The Importance of Self
Good education is often rooted in self-discovery. But how do you foster this in your own classroom?
Welcome to From the Teacher’s Desk, where we take turns further reflecting on our episodes and applications to the classroom.
If you didn’t watch the 2023 Oscars, you actually missed out on a lot.
No actual red carpet…
The first AAPI woman to win Best Actress.
Acceptance speeches that celebrated the length and breadth of the human experience.
And underneath all of the wins for Everything Everywhere All at Once was a big reminder for all of us. We all need space to explore our identities, to be really seen by others, to celebrate our commonalities and differences.
I was lucky that I knew who I was from a young age. I know I was even luckier to meet a lot of adults through my developmental years who encouraged my ideas whenever I spoke up.
But what about the kid in the back of the room, the one who rushes into class late and slips out just as the bell is ringing? How do we empower all students to vocalize their individual identities in the classroom?
Start with a Theme
The first misconception often associated with personal exploration is that it has to be its own unit. While autobiography and nonfiction can pair together beautifully, it’s also very okay to connect basic literary ideas to students’ everyday lives.
So maybe you start by introducing literary themes to your students. Then encourage them to name a theme in their own lives and back it up with evidence.

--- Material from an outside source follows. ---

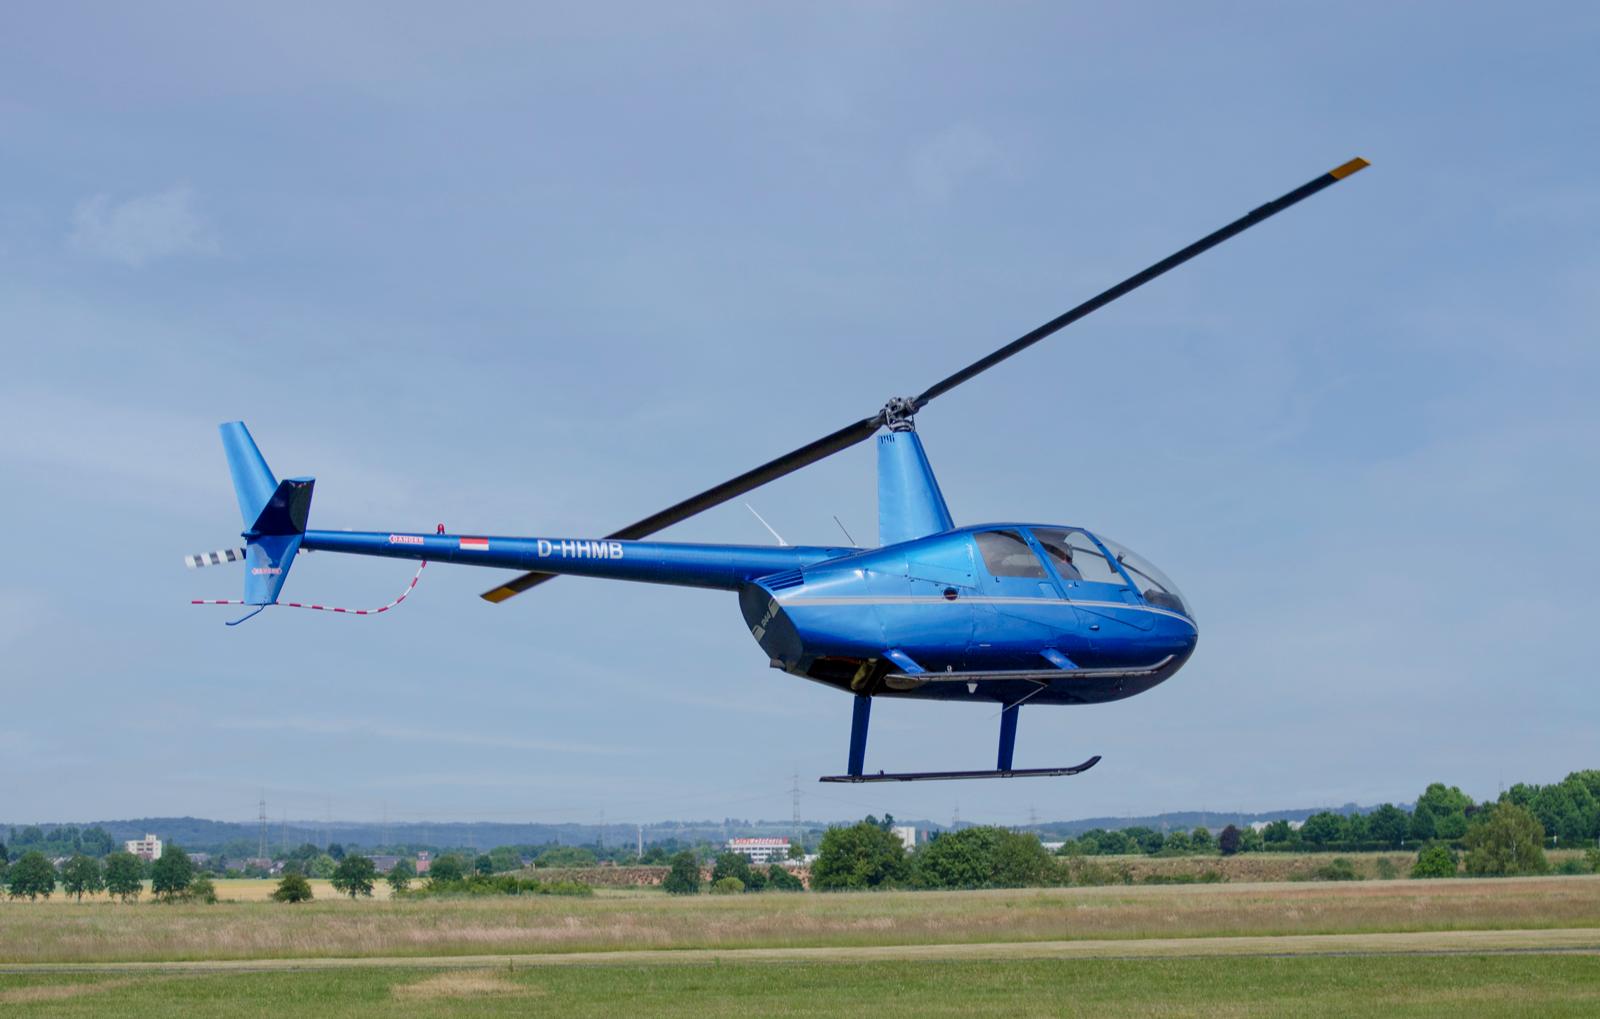 romantik-hubschrauber-rundflug-chemnitz-bg2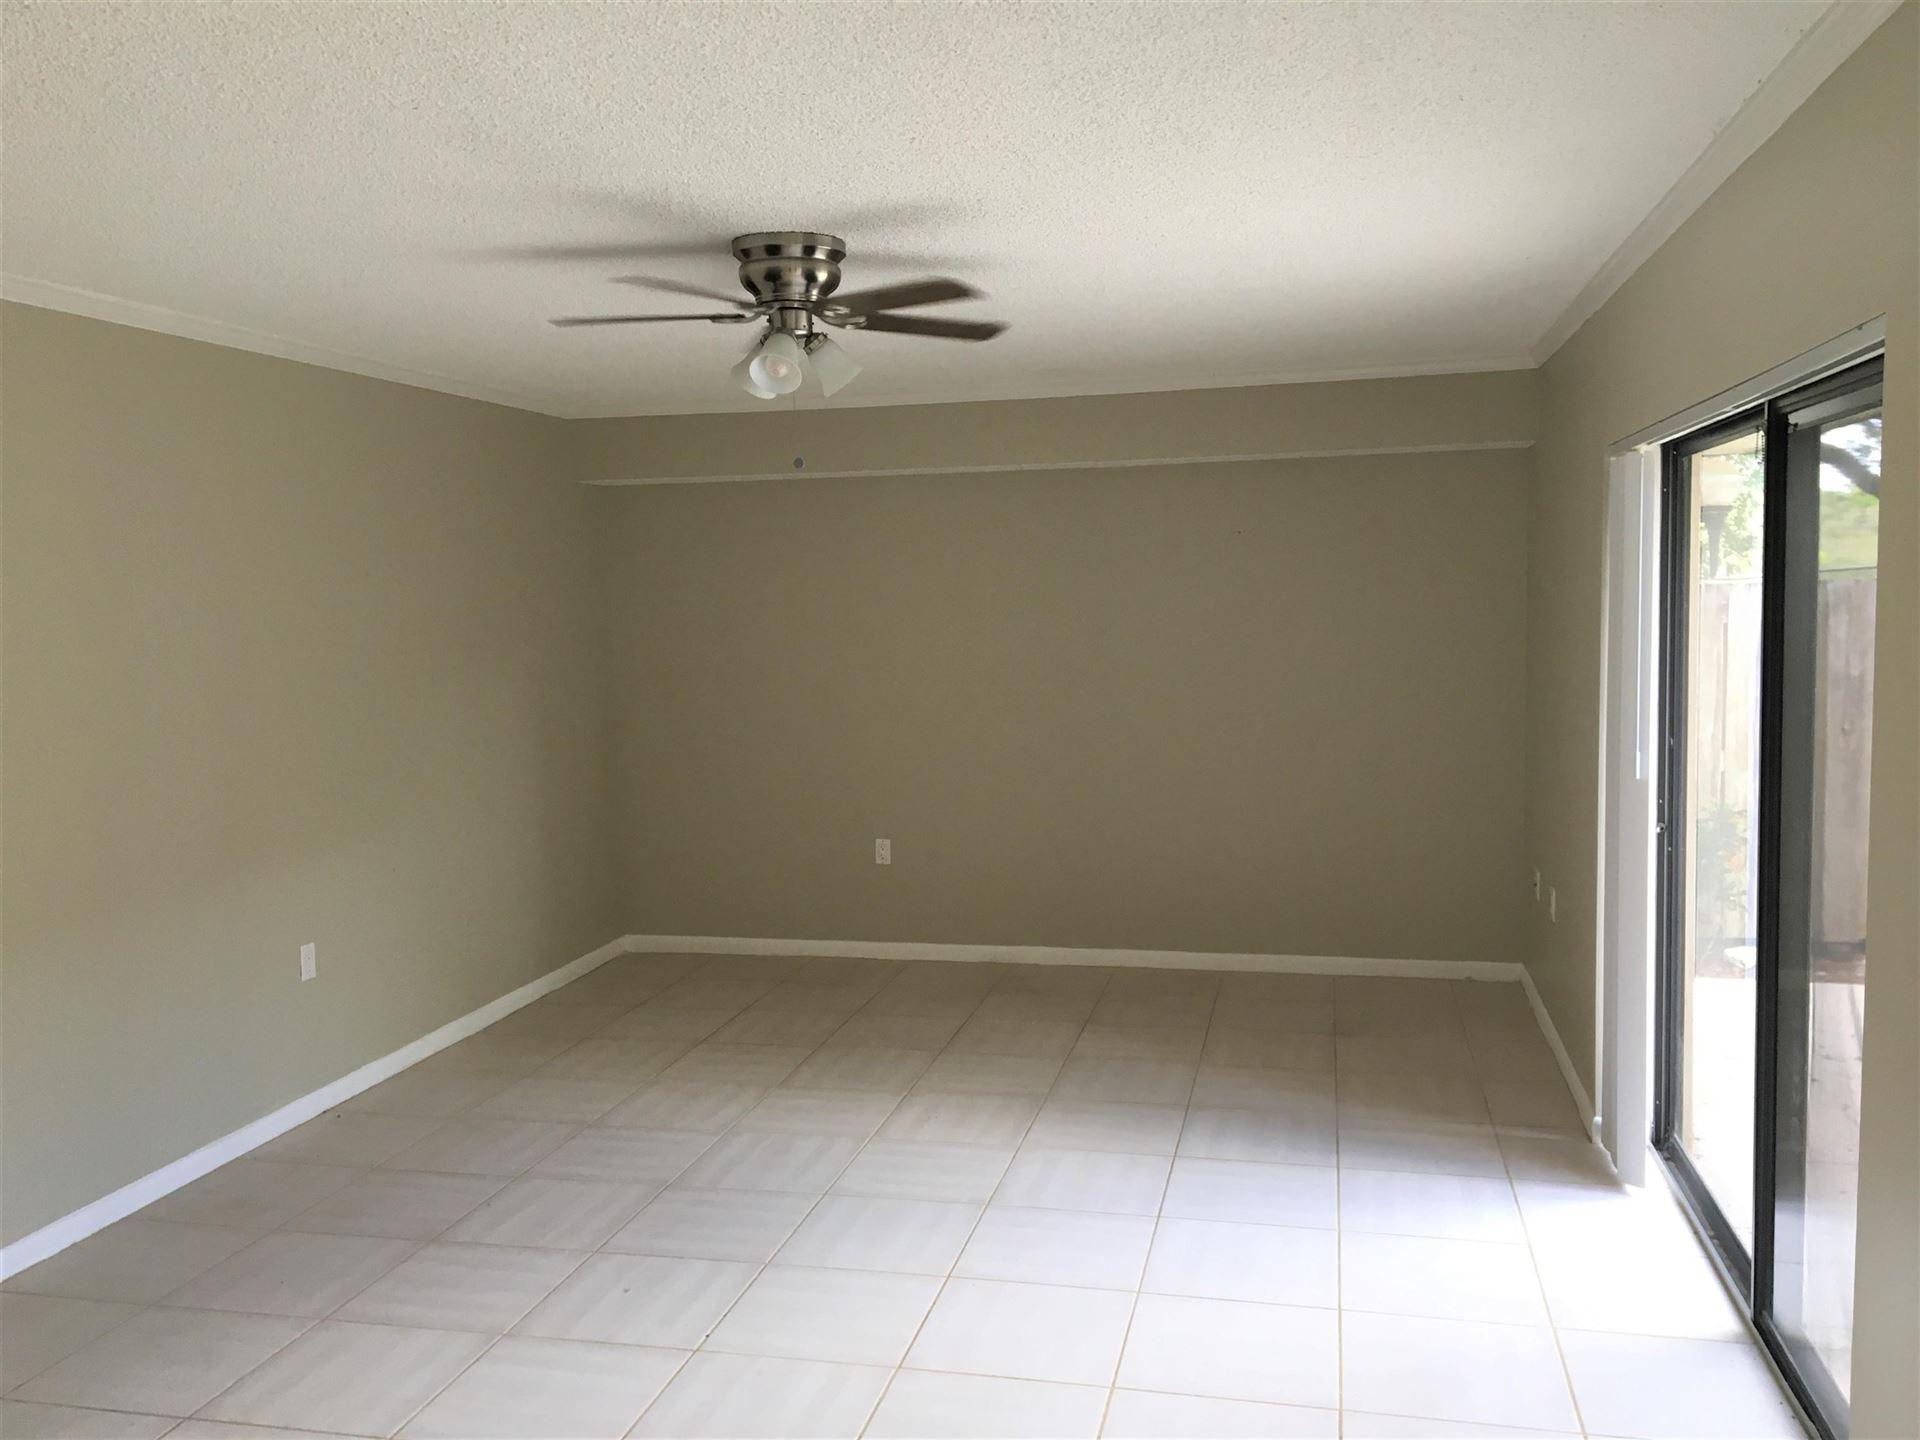 Photo of 3019 30th Court, Jupiter, FL 33477 (MLS # RX-10667116)

This is a great way for students to practice skills they will use repeatedly as lifelong literary scholars.
Add Some Music
The second misconception in relation to identity activities is that they have to be bleak. While it can be powerful to ask students to write their own obituaries, maybe we all need a lighter perspective on our lives as we think about them today.
If you want to go further, invite students to think about how their favorite music connects to their identity and self-expression by making a soundtrack playlist for their life movie. We all have soundtracks to our daily lives, but what does this say about who we are?
You can also invite students to write a simple poem as a warmup activity in class. This autobiography poem doesn’t require a full unit on poetry for students to think about how they move within the world.
There’s a reason personality tests haven’t gone out of style. We all love taking them because they can give us a common language to be able to talk about ourselves with others.
If you don’t know where to start with your students, try one of these:
Which Bluey character are you? (Okay, maybe this one is just for me…)
Give up some class time to take the personality test, and then ask students to divide into groups to discuss their results. I have found that some of the most surprising friendships have budded out of a little extra space to learn about the person next to you.
You’ve got this!
In short, you don’t have to attend every extracurricular event your school hosts to get to know who your students are. And you’ll thank yourself later if you take 10 minutes to inspire personal exploration in your classroom.